«La confiance se nourrit d'un échange réciproque», analyse un proche collaborateur de Samuel Schmid. Il semblerait que la semaine dernière Roland Nef «n'ait pas voulu» donner plus de détails sur le contenu de la plainte, invoquant la sphère privée, alors que le ministre de la Défense le lui demandait. Est-ce suffisant pour invoquer une rupture de confiance alors que Roland Nef avait prévenu le Bernois de l'existence de cette plainte avant sa nomination?

Samuel Schmid marche sur des œufs. Le procédé qu'il a choisi pour sommer le chef de l'armée de «prouver son innocence» est critiqué du point de vue juridique. La situation pourrait aussi se compliquer en cas de licenciement.

Le chef de l'armée est soumis à la loi et à l'ordonnance sur le personnel de la Confédération sous le statut d'officier général, selon l'Office fédéral du personnel. Le Conseil fédéral est compétent pour résilier les rapports de travail. Le plus simple serait que les deux parties y mettent fin d'un commun accord - mais l'officier ne songe apparemment pas, pour l'heure, à cette solution.

La question des indemnités

Le gouvernement définirait alors l'indemnité de départ éventuellement accordée. La loi donne toutefois le droit au Conseil fédéral, à tout moment, de relever un officier général de ses fonctions ou de son commandement. Le contrat est résilié lorsque aucune autre fonction ou commandement ne peut être attribué. Une clause autorise le gouvernement à prévoir des indemnités s'il résilie le contrat d'un officier général.

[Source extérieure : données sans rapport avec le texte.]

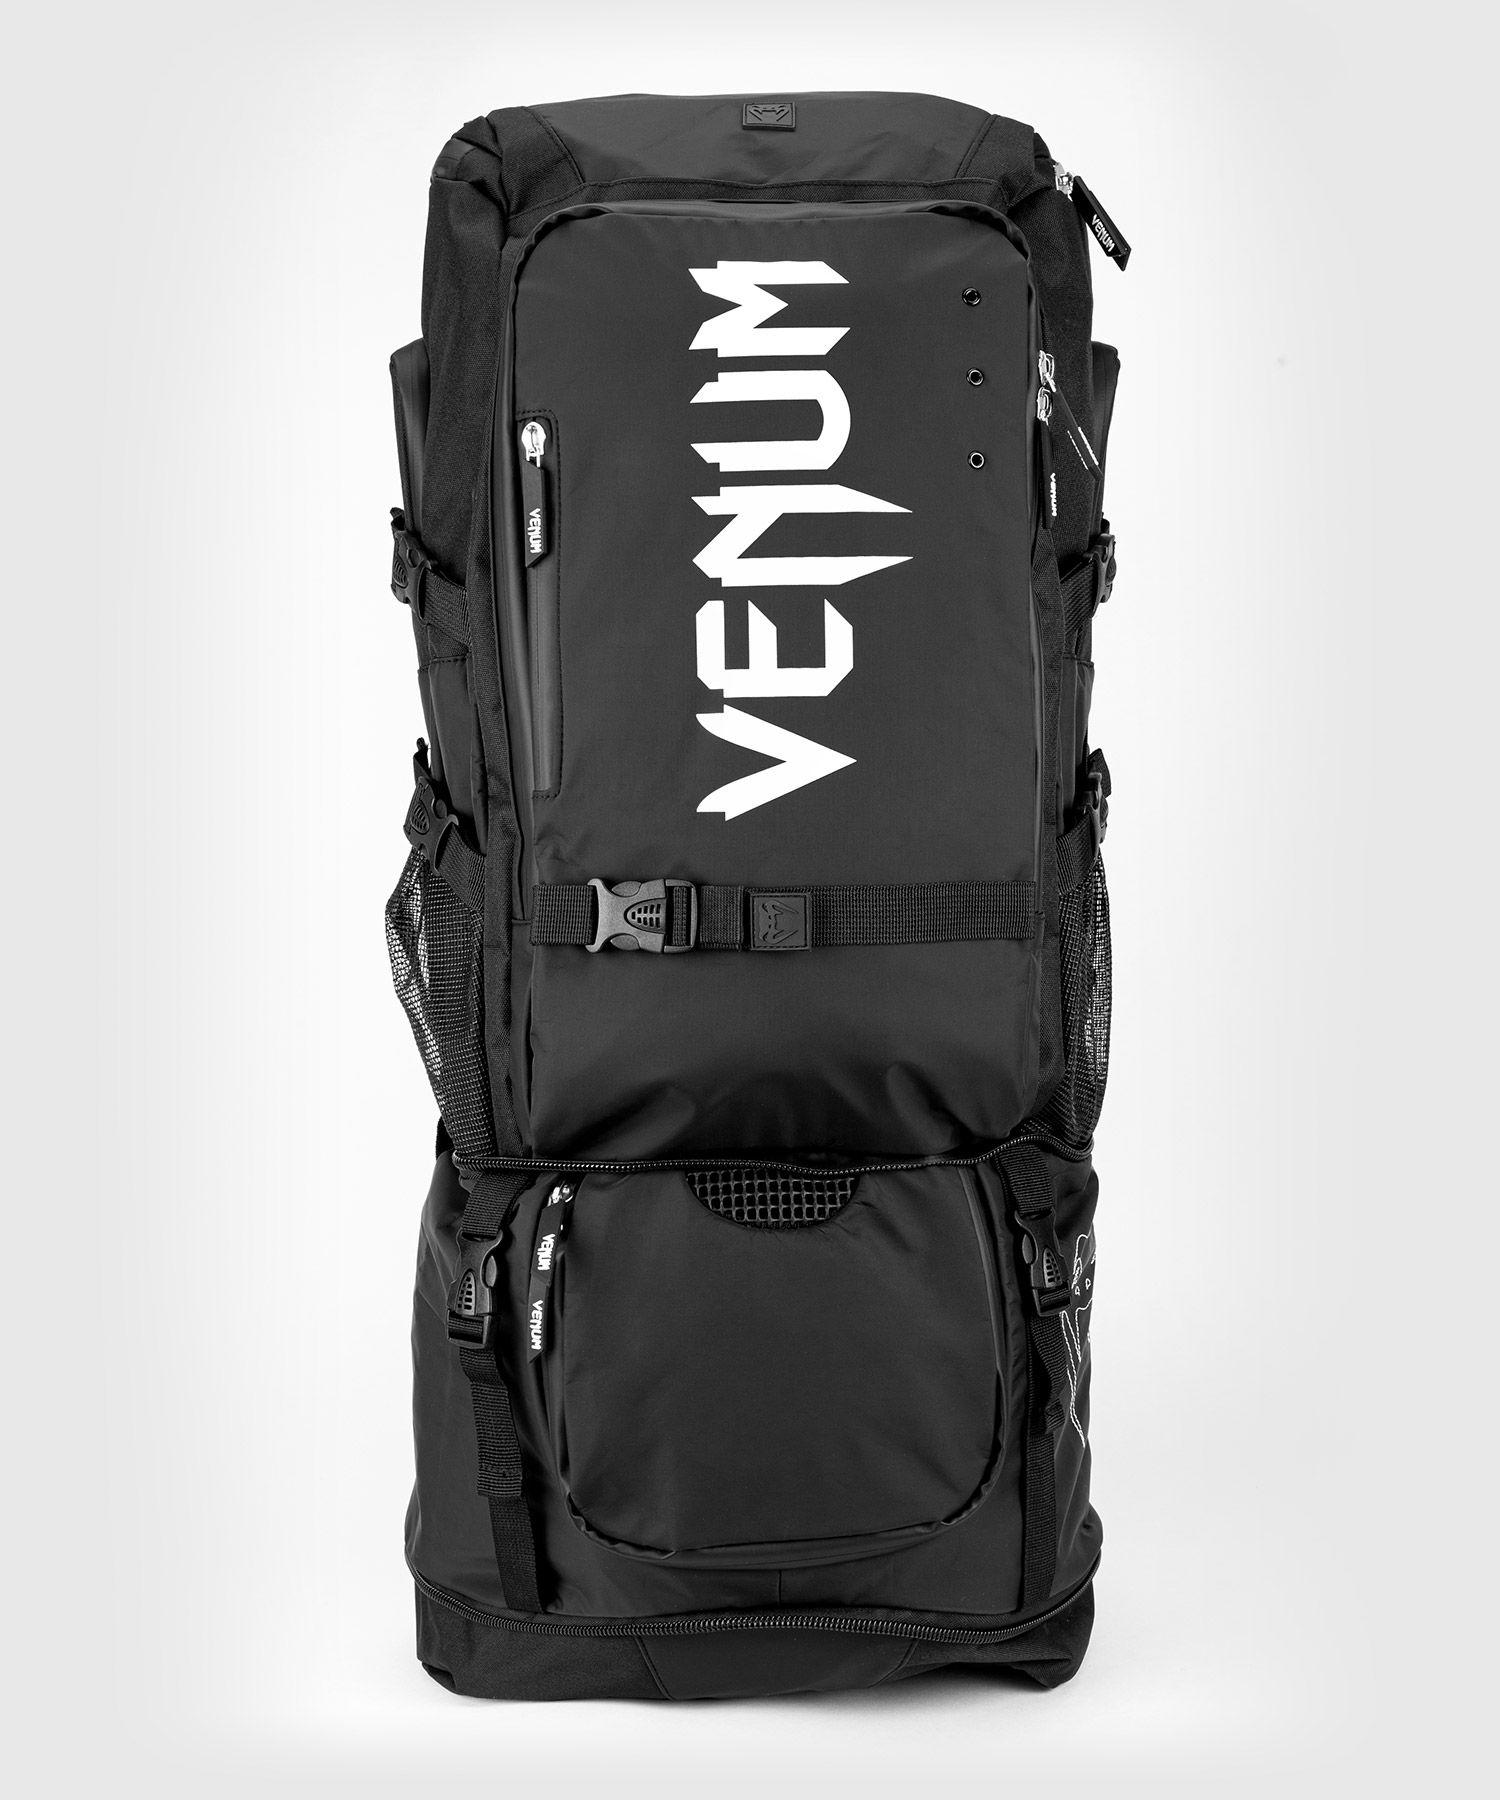 Sac à dos Venum Challenger Venum Xtrem EVO Noir et Blanc

Dans ces cas, les sommes correspondent au moins à un mois de salaire et au plus à un an, en fonction de divers critères. Le poste de chef de l'armée appartient à la classe de salaire 38, soit quelque 300000 francs par an. Des indemnités plus élevées doivent être approuvées non seulement par le gouvernement mais aussi par la délégation parlementaire des finances. Seul un renvoi dû à une faute ne donne pas droit à des indemnités. La loi dresse la liste des motifs: violations d'obligations légales ou contractuelles importantes, manquements répétés ou persistants, aptitudes ou capacités insuffisantes pour effectuer le travail ou mauvaise volonté à l'accomplir, refus de prendre un autre travail pouvant raisonnablement être exigé. Autant de points qui ne correspondent pas au «cas» Nef.

Pourtant, la résiliation reste un recours possible, en toute circonstance, lorsque les règles de la bonne foi ne permettent plus d'exiger de celui qui donne le congé la continuation des rapports de travail.

Reste qu'il faut y réfléchir à deux fois. L'employé peut se retourner contre la résiliation du contrat. S'il obtient gain de cause, l'indemnité peut grimper jusqu'à deux ans de salaire.